Run and parse SCRATCH results to predict secondary structure and solvent accessibility. Annotations are stored in the protein’s representative sequence at:

  • .annotations
  • .letter_annotations
Parameters:
  • path_to_scratch (str) – Path to SCRATCH executable
  • results_dir (str) – Path to SCRATCH results folder, which will have the files (scratch.ss, scratch.ss8, scratch.acc, scratch.acc20)
  • scratch_basename (str) – Basename of the SCRATCH results (‘scratch’ is default)
  • num_cores (int) – Number of cores to use to parallelize SCRATCH run
  • exposed_buried_cutoff (int) – Cutoff of exposed/buried for the acc20 predictions
  • custom_gene_mapping (dict) – Default parsing of SCRATCH output files is to look for the model gene IDs.
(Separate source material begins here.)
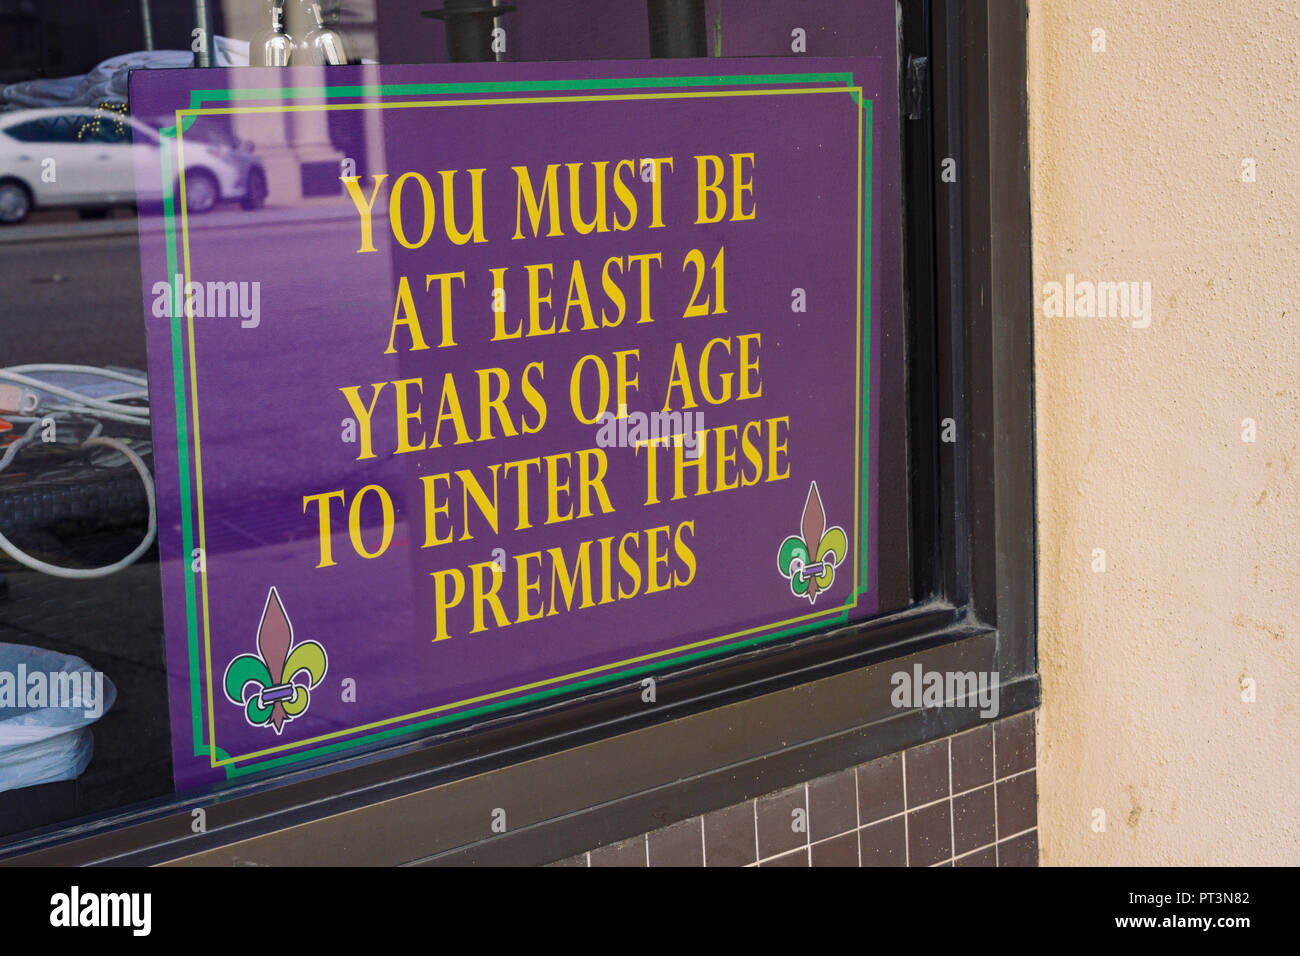 Minimum age restriction sign for drinking alcohol or alcoholic beverages in the window of a bar or tavern in downtown Montgomery Alabama, USA. Stock Photo

If your output files contain IDs which differ from the model gene IDs, use this dictionary to map model gene IDs to result file IDs. Dictionary keys must match model genes.
get_sequence_properties(representatives_only=True)[source]

Run Biopython ProteinAnalysis and EMBOSS pepstats to summarize basic statistics of all protein sequences. Results are stored in the protein’s respective SeqProp objects at .annotations

Parameters:representative_only (bool) – If analysis should only be run on the representative sequences
get_tmhmm_predictions(tmhmm_results, custom_gene_mapping=None)[source]

Parse TMHMM results and store in the representative sequences.

This is a basic function to parse pre-run TMHMM results. Run TMHMM from the web service (http://www.cbs.dtu.dk/services/TMHMM/) by doing the following:

  1. Write all representative sequences in the GEM-PRO using the function write_representative_sequences_file
  2. Upload the file to http://www.cbs.dtu.dk/services/TMHMM/ and choose “Extensive, no graphics” as the output
  3. Copy and paste the results (ignoring the top header and above “HELP with output formats”) into a file and save it
  4. Run this function on that file
Parameters:
  • tmhmm_results (str) – Path to TMHMM results (long format)
  • custom_gene_mapping (dict) – Default parsing of TMHMM output is to look for the model gene IDs. If your output file contains IDs which differ from the model gene IDs, use this dictionary to map model gene IDs to result file IDs. Dictionary keys must match model genes.
kegg_mapping_and_metadata(kegg_organism_code, custom_gene_mapping=None, outdir=None, set_as_representative=False, force_rerun=False)[source]

Map all genes in the model to KEGG IDs using the KEGG service.

Steps:
  1. Download all metadata and sequence files in the sequences directory
  2. Creates a KEGGProp object in the protein.sequences attribute
  3. Returns a Pandas DataFrame of mapping results
Parameters:
  • kegg_organism_code (str) – The three letter KEGG code of your organism
  • custom_gene_mapping (dict) – If your model genes differ from the gene IDs you want to map, custom_gene_mapping allows you to input a dictionary which maps model gene IDs to new ones. Dictionary keys must match model gene IDs.
  • outdir (str) – Path to output directory of downloaded files, must be set if GEM-PRO directories were not created initially
  • set_as_representative (bool) – If mapped KEGG IDs should be set as representative sequences
  • force_rerun (bool) – If you want to overwrite any existing mappings and files
kegg_mapping_and_metadata_parallelize(sc, kegg_organism_code, custom_gene_mapping=None, outdir=None, set_as_representative=False, force_rerun=False)[source]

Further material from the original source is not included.